> Required work: Reproduce exactly the lines of this material that begin at the line with "Hip hop graffiti" and end at the line with "Avsikten är att", both included. Omit the pictures and everything else.

──────── Exercise material ────────

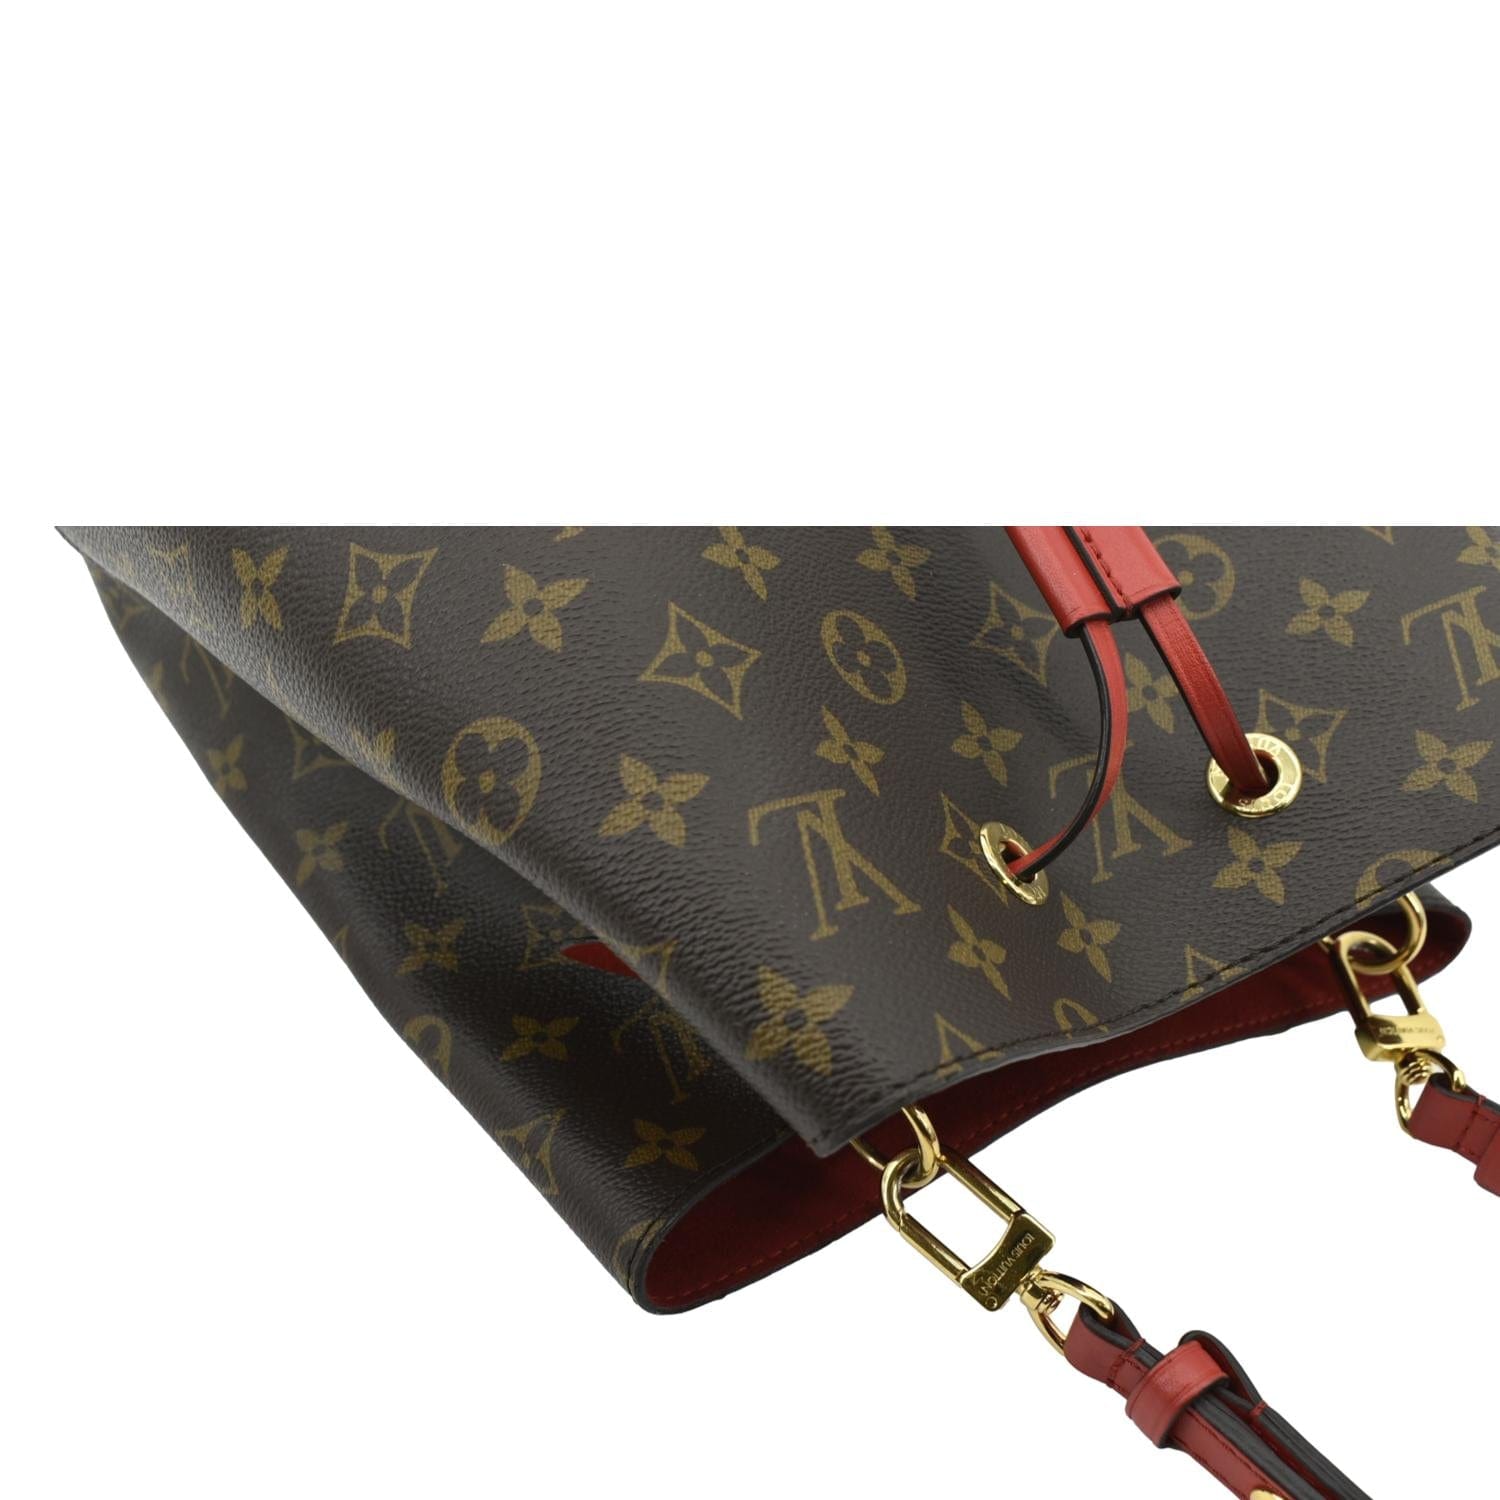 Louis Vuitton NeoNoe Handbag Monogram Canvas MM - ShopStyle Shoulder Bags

────────
──────── Exercise material ────────

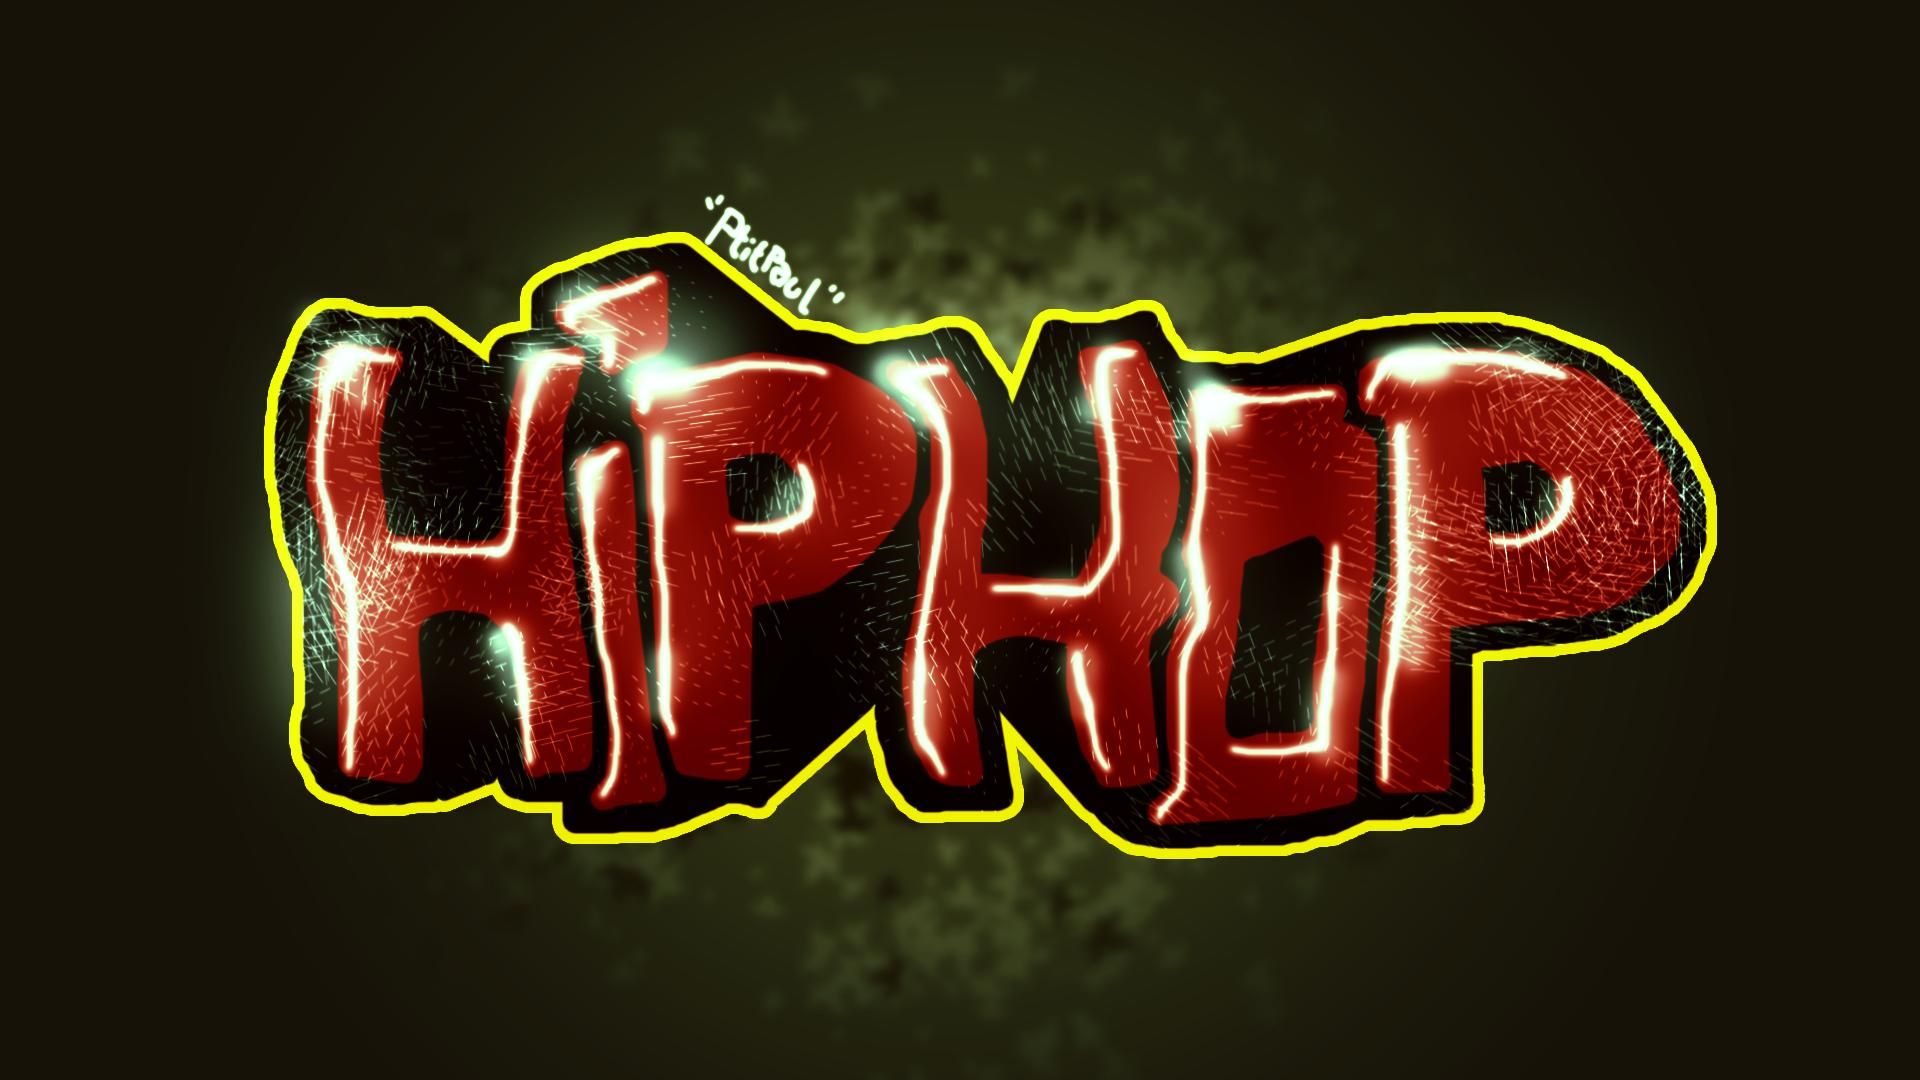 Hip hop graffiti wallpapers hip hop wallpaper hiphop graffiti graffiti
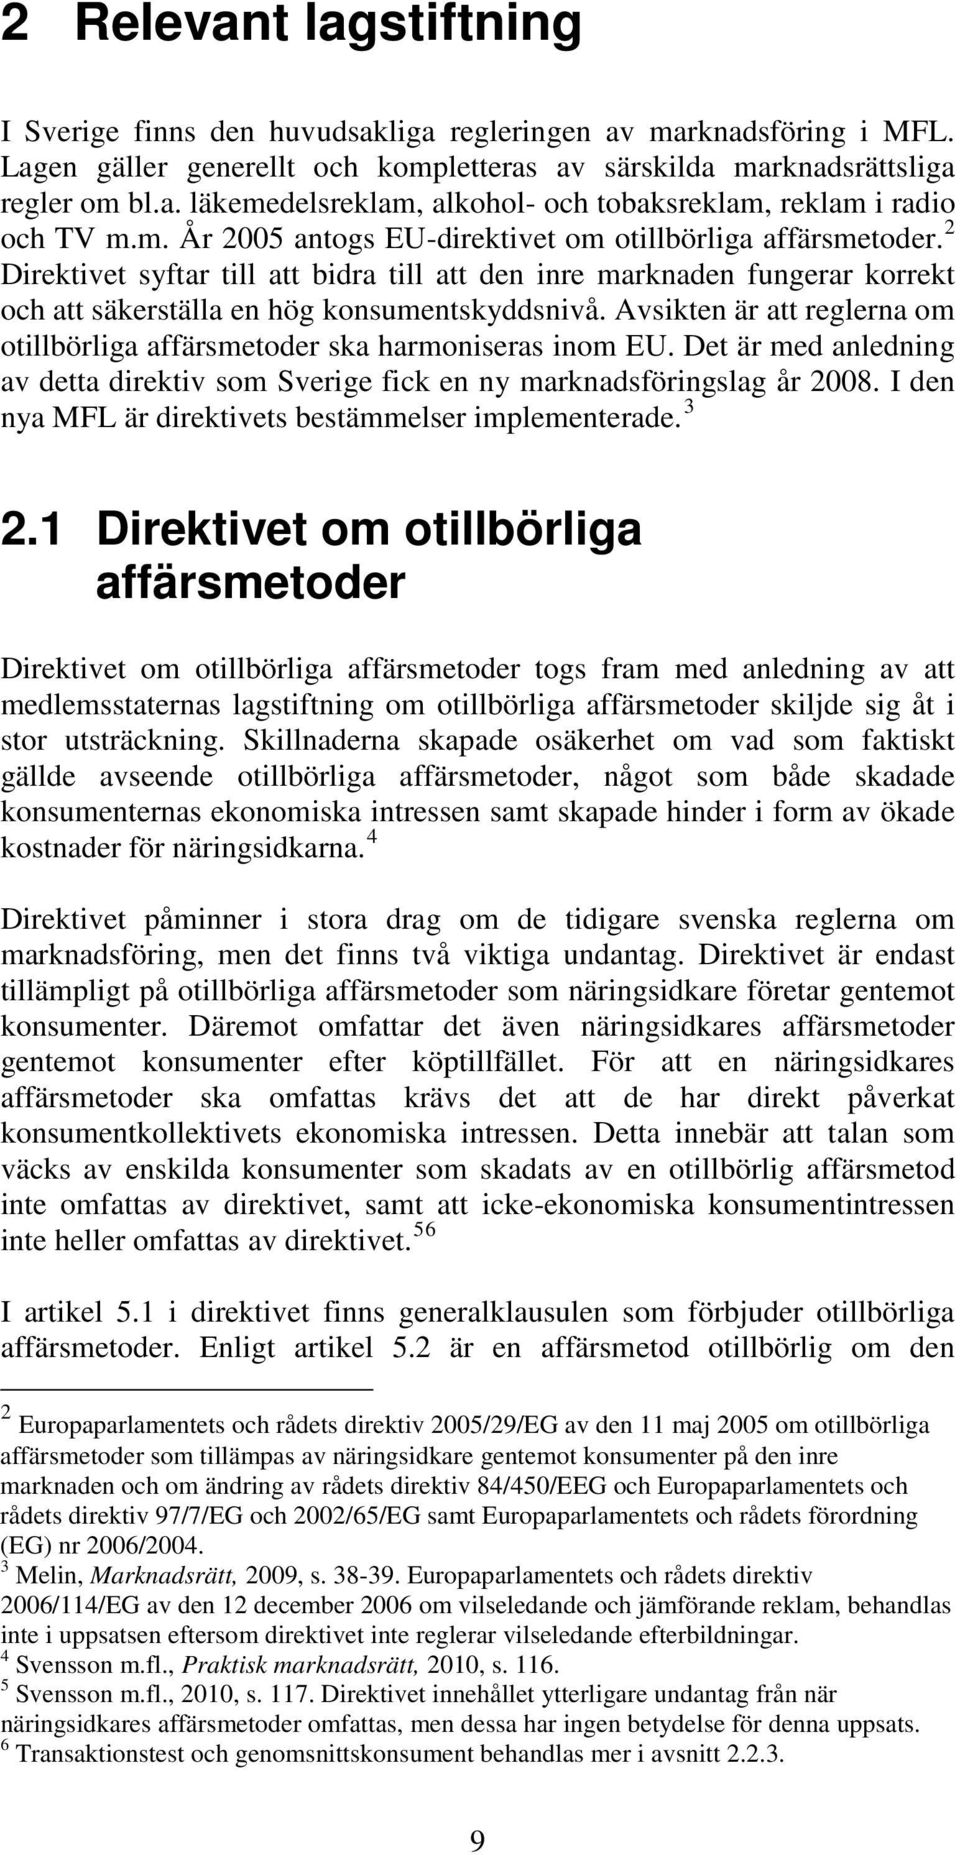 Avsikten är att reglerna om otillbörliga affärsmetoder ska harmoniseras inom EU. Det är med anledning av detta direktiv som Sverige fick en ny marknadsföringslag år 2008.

────────

> Exercise solution:
 Hip hop graffiti wallpapers hip hop wallpaper hiphop graffiti graffiti
 Avsikten är att reglerna om otillbörliga affärsmetoder ska harmoniseras inom EU. Det är med anledning av detta direktiv som Sverige fick en ny marknadsföringslag år 2008.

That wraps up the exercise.